Drugs can also be the cause of an altered appetite. Virtually any of the drugs listed below as causes of nausea and vomiting can reduce the appetite, and the list is certainly incomplete.
In general, the treatment for appetite loss depends on the situation: if you have a sore mouth, get treatment for the sores; if drugs are responsible, consider alternatives to those drugs; tailor meals to your own tastes; and accommodate meals to fatigue. When appetite loss is temporary, try to get in as many calories as possible without regard to the nutritional value: you simply are not going to become malnourished in a few days. Try fortifying foods with oil, butter, mayonnaise, a little dried milk, grated cheese, cream. Try making shakes out of combinations of different foods: milk, ice cream, instant breakfast, buttermilk, bananas or strawberries or peaches or apricots or pears, fruit juice, yogurt, honey, cocoa, chocolate syrup, peach or pear or apricot nectars, ginger ale, brown sugar.

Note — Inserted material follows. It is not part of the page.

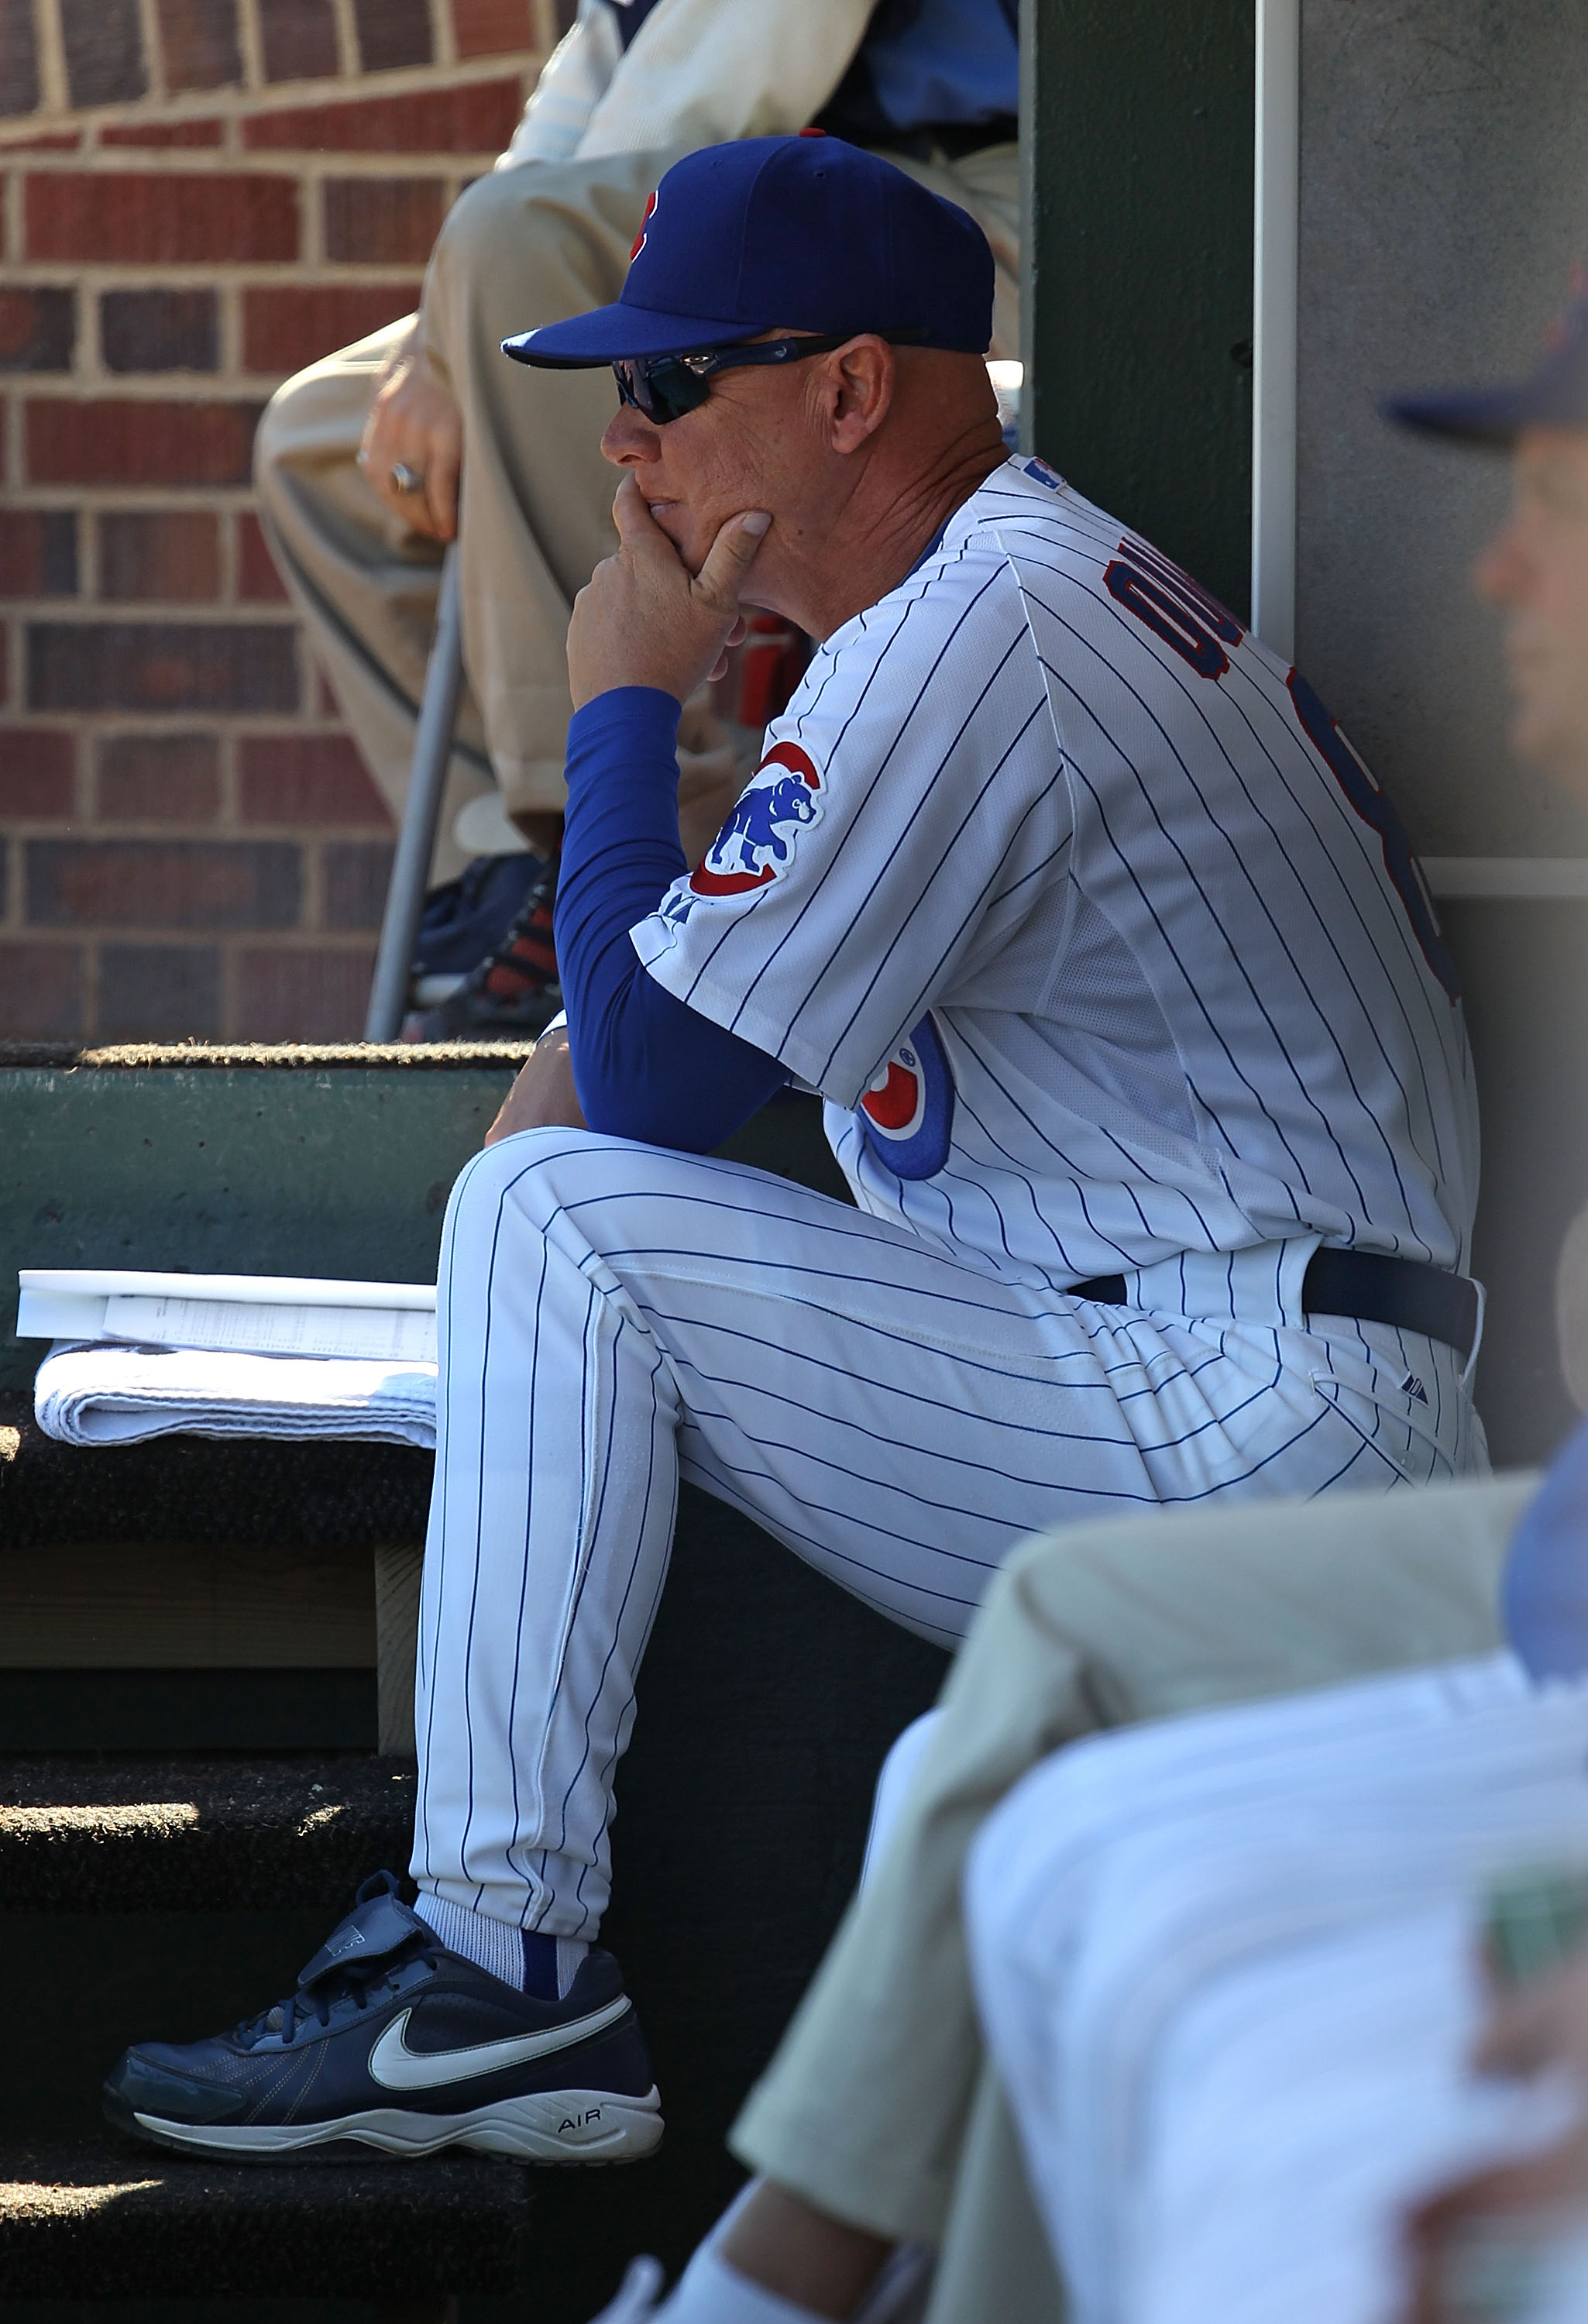 CHICAGO - SEPTEMBER 24: Interim manager Mike Quade #8 of the Chicago Cubs watches as his team takes on the St. Louis Cardinals at Wrigley Field on September 24, 2010 in Chicago, Illinois. The CArdinals defeated the Cubs 7-1. (Photo by Jonathan Daniel/Gett
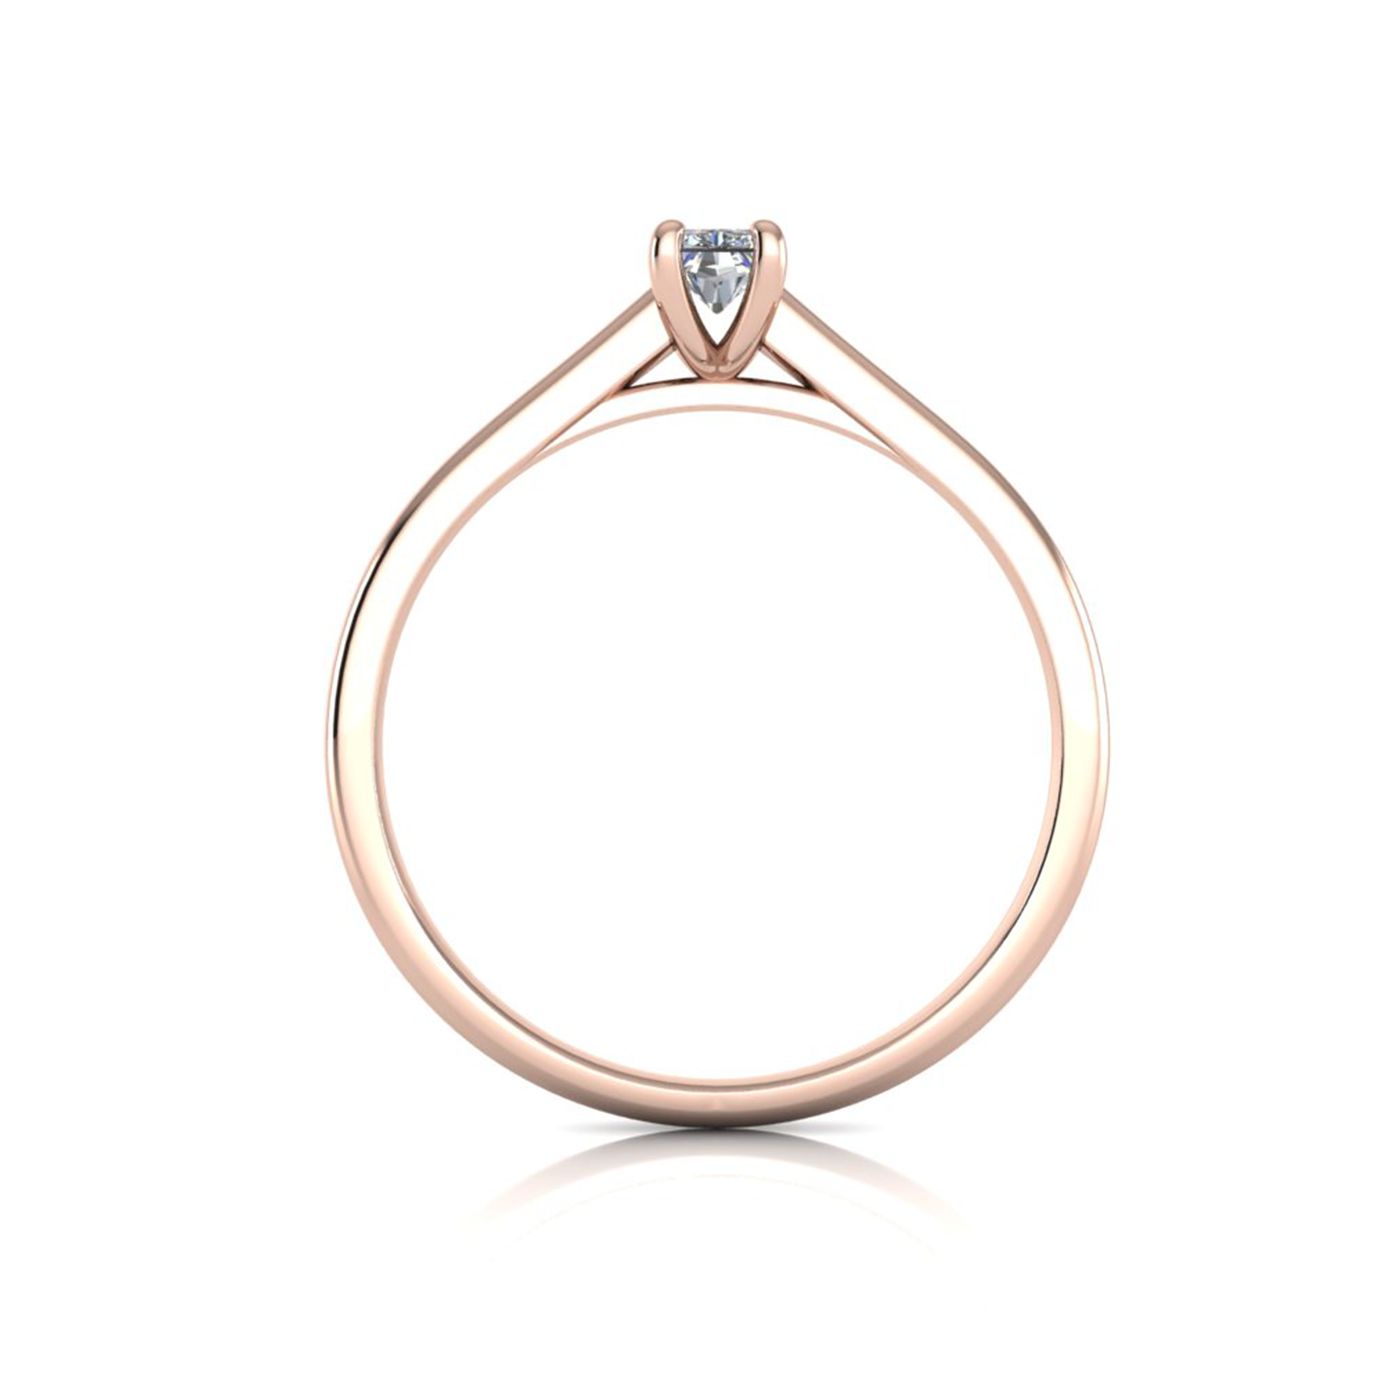 18k rose gold  0,30 ct 4 prongs solitaire radiant cut diamond engagement ring with whisper thin band

Most important is drinking enough fluids: healthy people can survive over one hundred days without food, but no one can survive more than a few days without fluid. Drink fluids that are high in calories and protein—milk, shakes—instead of diet drinks, coffee, or tea. Routinely stir some dried milk into your milk.
If people with HIV infection eat poorly for weeks or months, a physician should be consulted. In some cases, the physician may prescribe an appetite stimulant such as Megace. In extreme cases, the physician may use a feeding tube—a tube placed through the mouth and into the
stomach, or through the abdomen and directly into the stomach—so nutrition is maintained despite the inability to eat. An alternative, discussed in a later section on wasting, is to feed people intravenously.